From the February 27, 1932, issue
By Science News
PUSSY WILLOW
Florists shops have long been offering big, beautiful, and expensive wands of pussy willows. But now the willow trees and bushes out of doors are putting forth their own offerings: smaller catkins, perhaps, but with the authentic tang of the wild about them. Harmless, charming, furry wild kittens, beloved of children everywhere!
Pussy willows have serious work in the world, however. They are the flower clusters of the willow, and it is their business to attend to the exchange of pollen. After fertilization is thus brought about, the seeds of the willows are launched on little cottony parachutes, much like those of cottonwood but less woolly and hence less troublesome.
DEEP-SEA FISH PRODUCE LIGHT UNDER STIMULATION OF DRUG
Fish that shed light in the black depths of the ocean can, like their luminous brethren at the surface, be stimulated to exercise their peculiar powers through the action of adrenalin, a potent drug used by physicians to prolong human life.
This discovery, reported to the New York Zoological Society, was made by Dr. E. Newton Harvey, professor of physiology at Princeton University, during experiments with living deep-sea specimens furnished by William Beebe, noted naturalist. The fish, Echiostoma ctenobarba, measuring about 1 foot in length, was caught with dragnets at a depth of about a mile.
ROCKS IN UTAH CANYON YIELD SEAWEEDS OF PRIMEVAL DATE
About 500,000,000 years ago there grew in what is now Logan Canyon, Utah, masses of vegetation so abundant as to rival the most luxuriant growths of seaweed anywhere along our coasts today, Dr. G.R. Mansfield of the U.S. Geological Survey observed on a field-exploration trip last summer with Prof. Reed W. Bailey of Utah State Agricultural College.
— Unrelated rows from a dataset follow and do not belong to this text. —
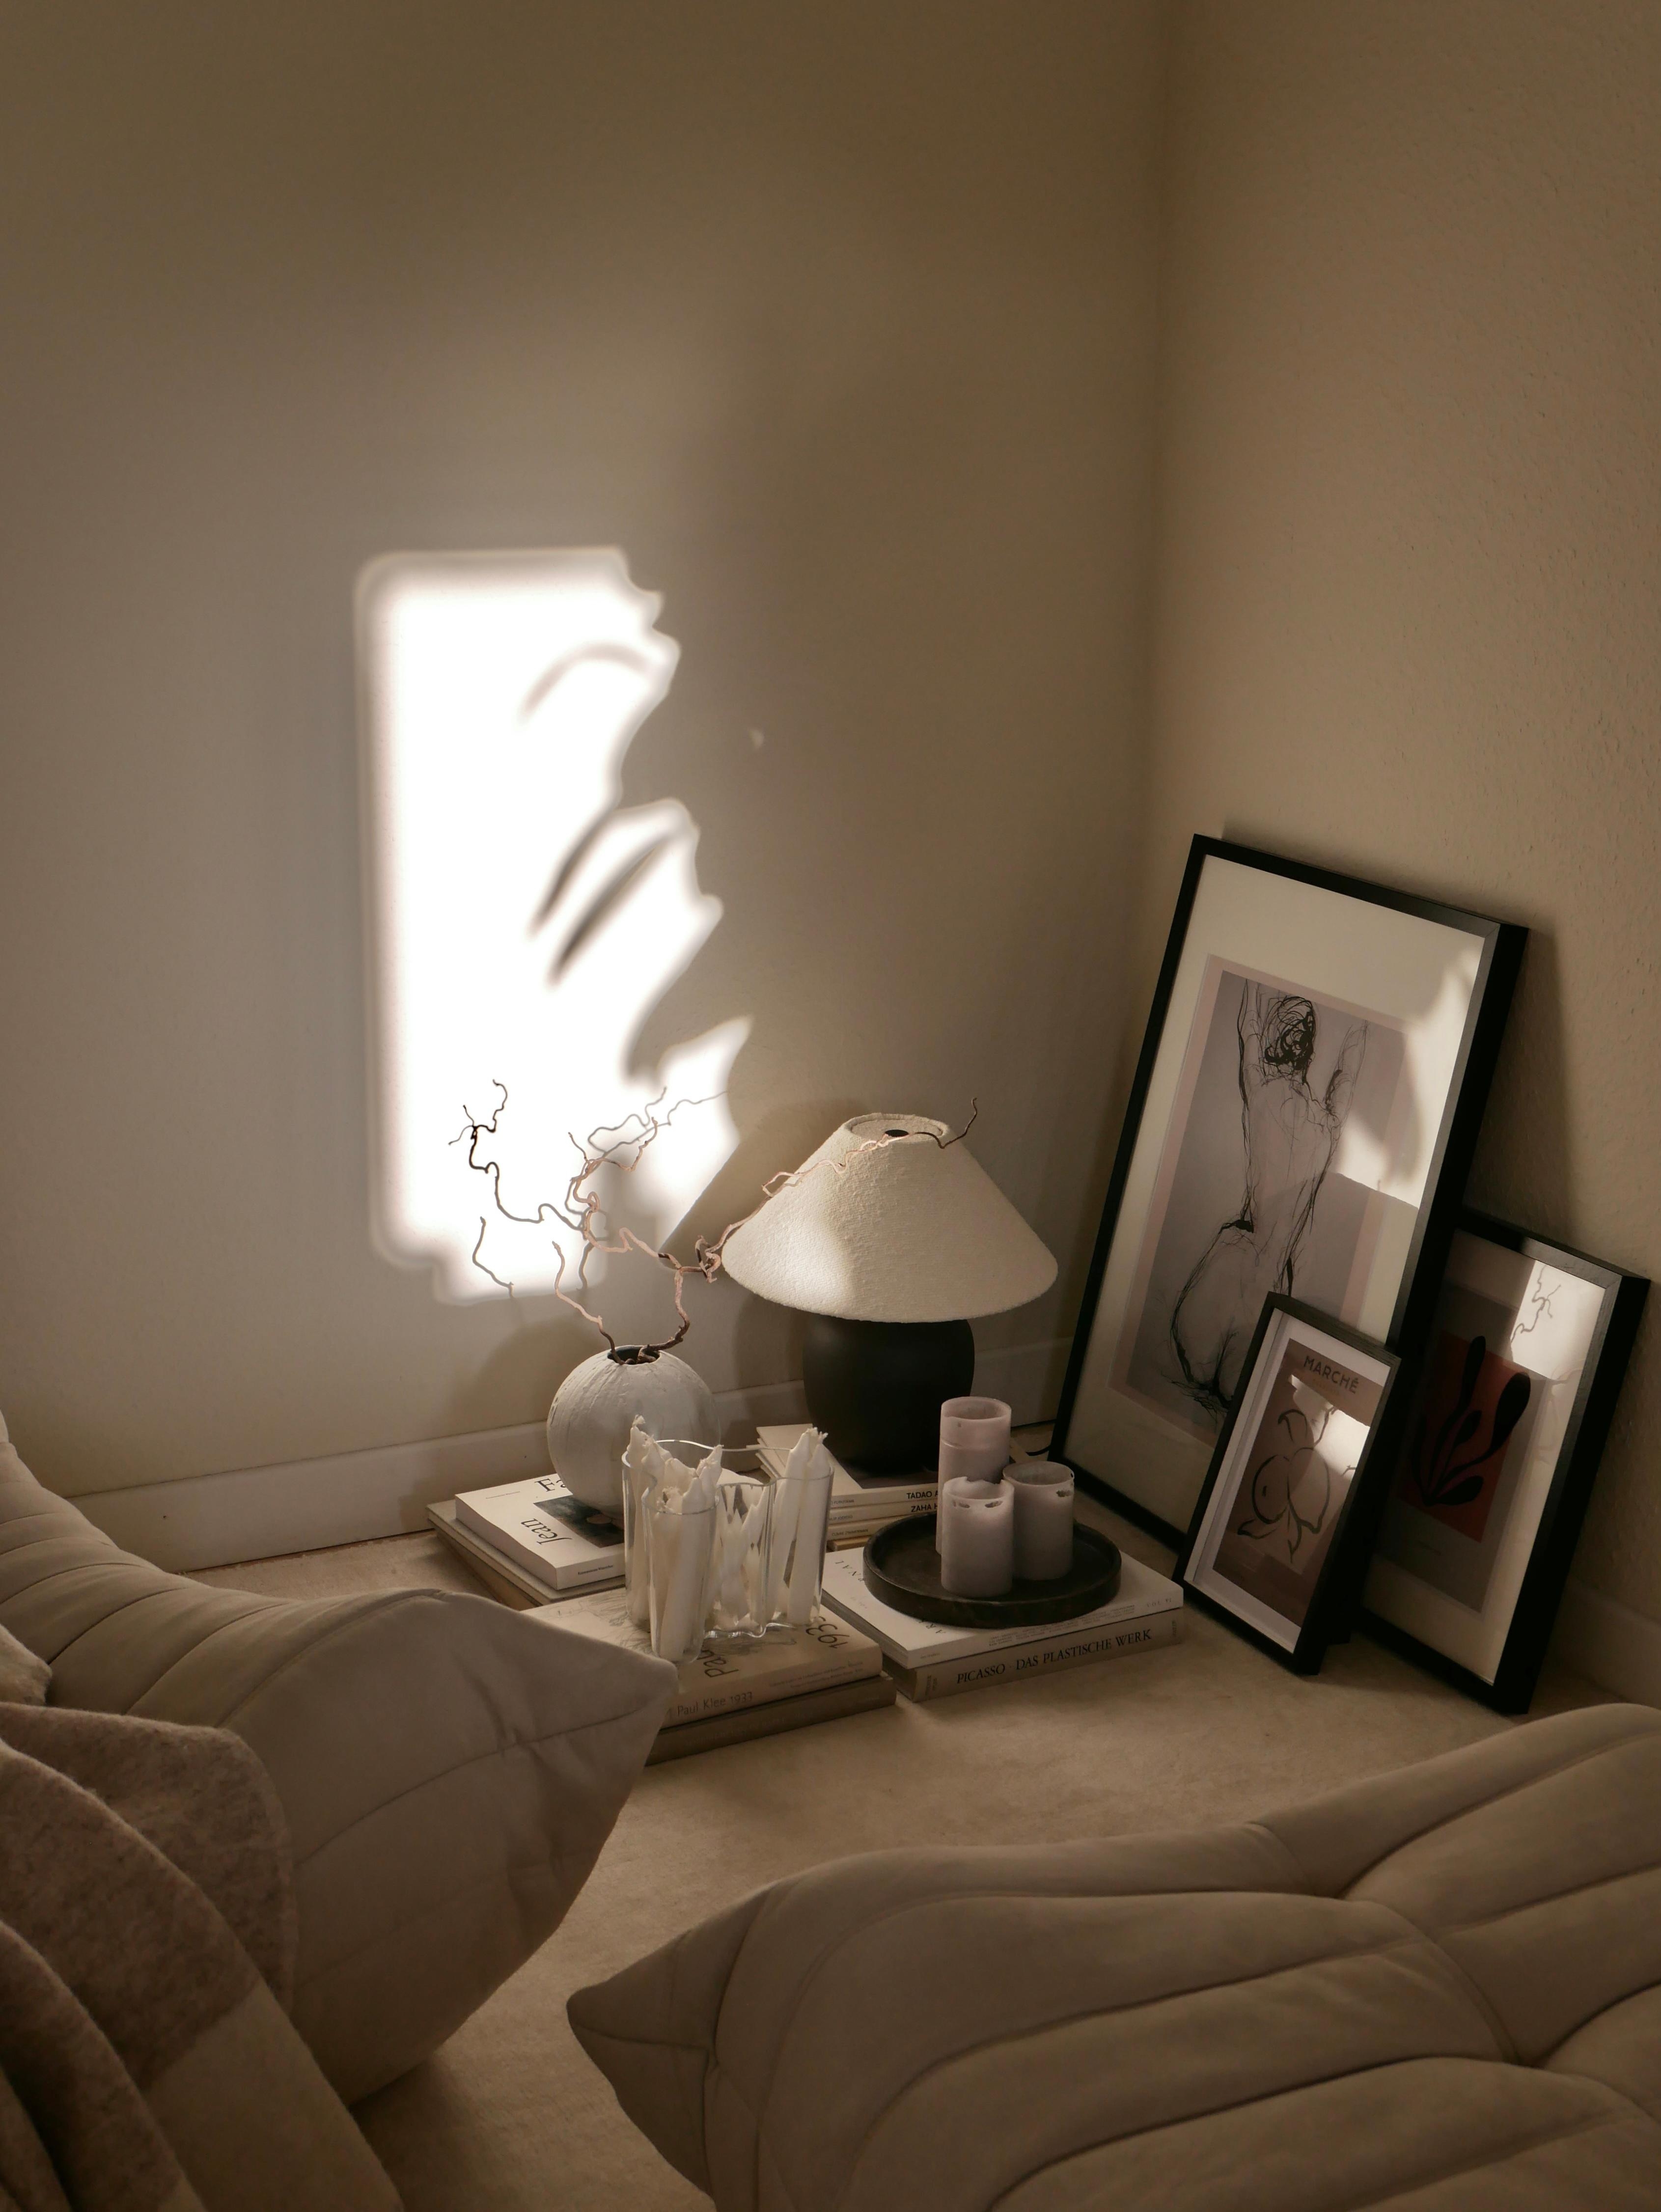 #allbeige die kleine Ecke neben dem Sofa... #altbau #togosofa #beigewalls #light #shadows #juniqeartshop #couchstyle
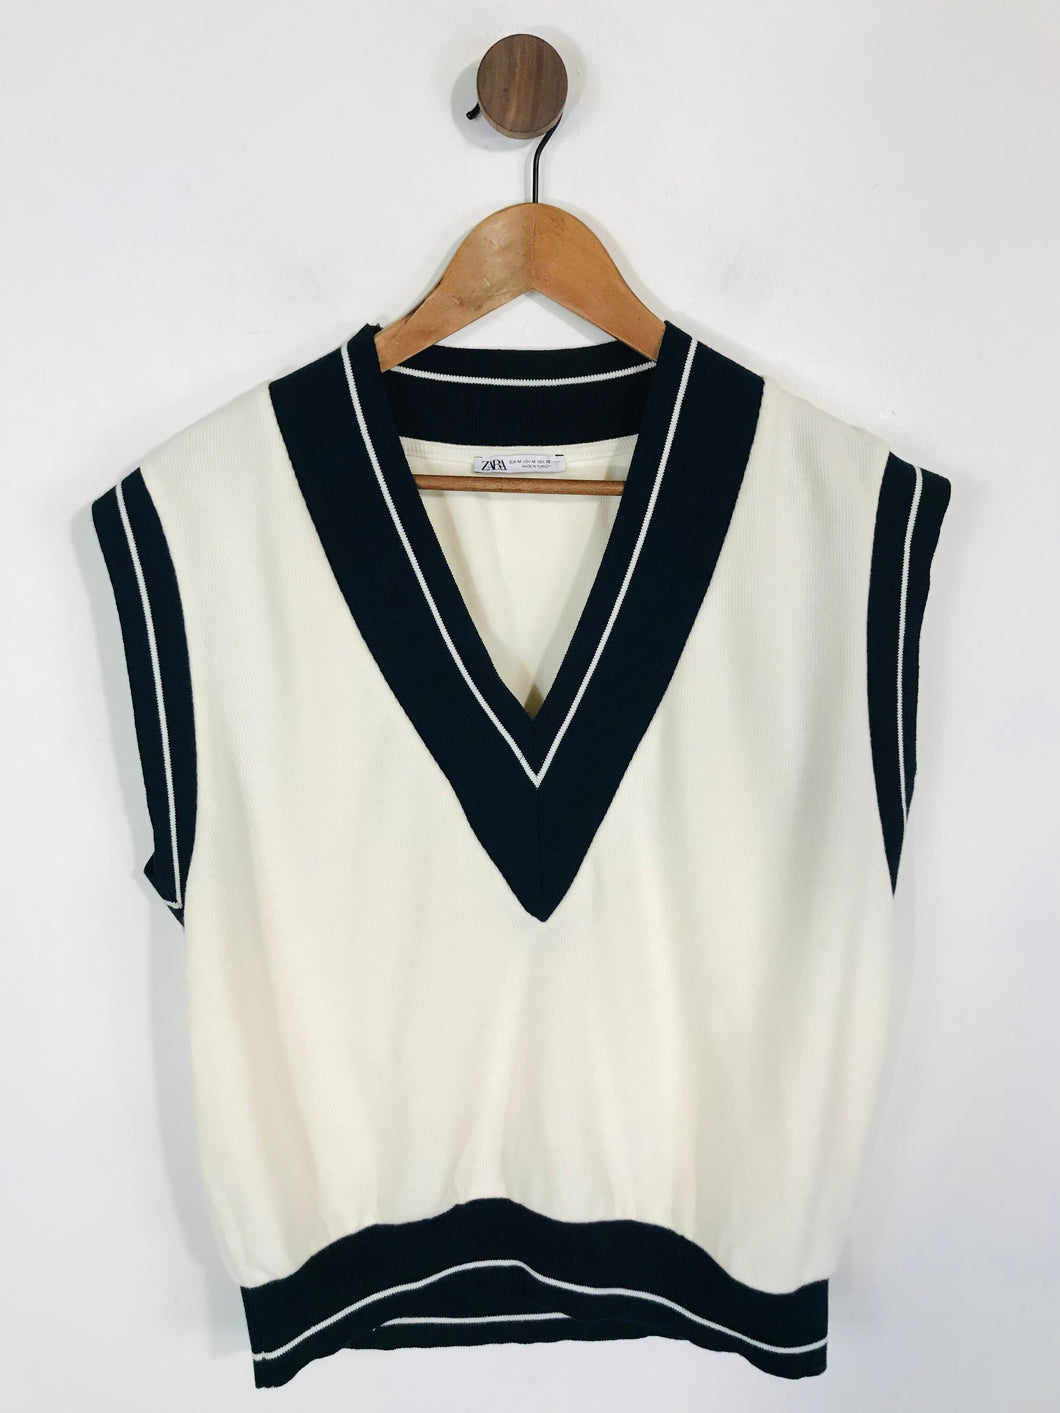 Zara Women's V-Neck Vest | M UK10-12 | White
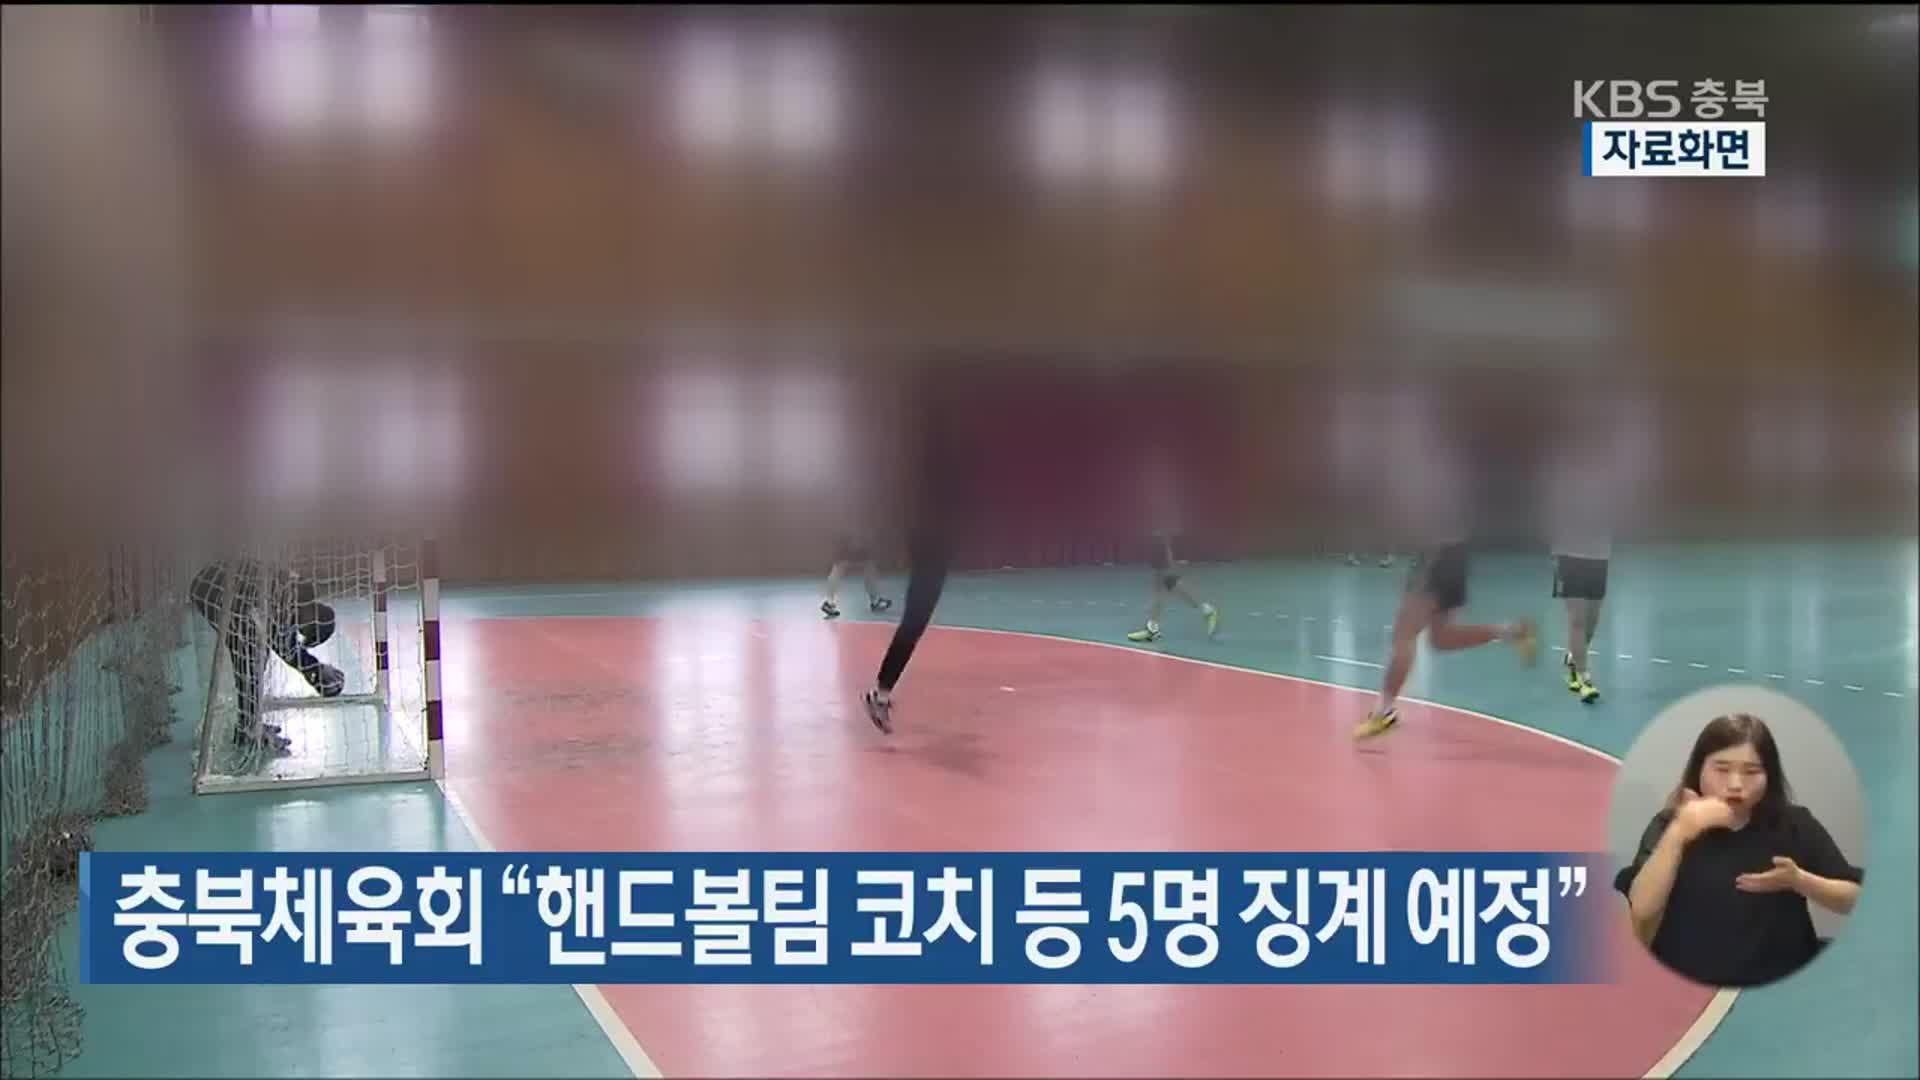 충북체육회 “핸드볼팀 코치 등 5명 징계 예정”

Prof. Bailey, the discoverer, guided Dr. Mansfield to this place where evidences of plant life in early geologic time were preserved in unusual profusion. On the west side of the main canyon just below the mouth of the Right Fork, two great blocks of sandstone each weighing several tons had slid downhill from a ledge above and lay by the side of the road. They had turned bottom up in the process and displayed a mat of vegetation of the type usually called fucoids.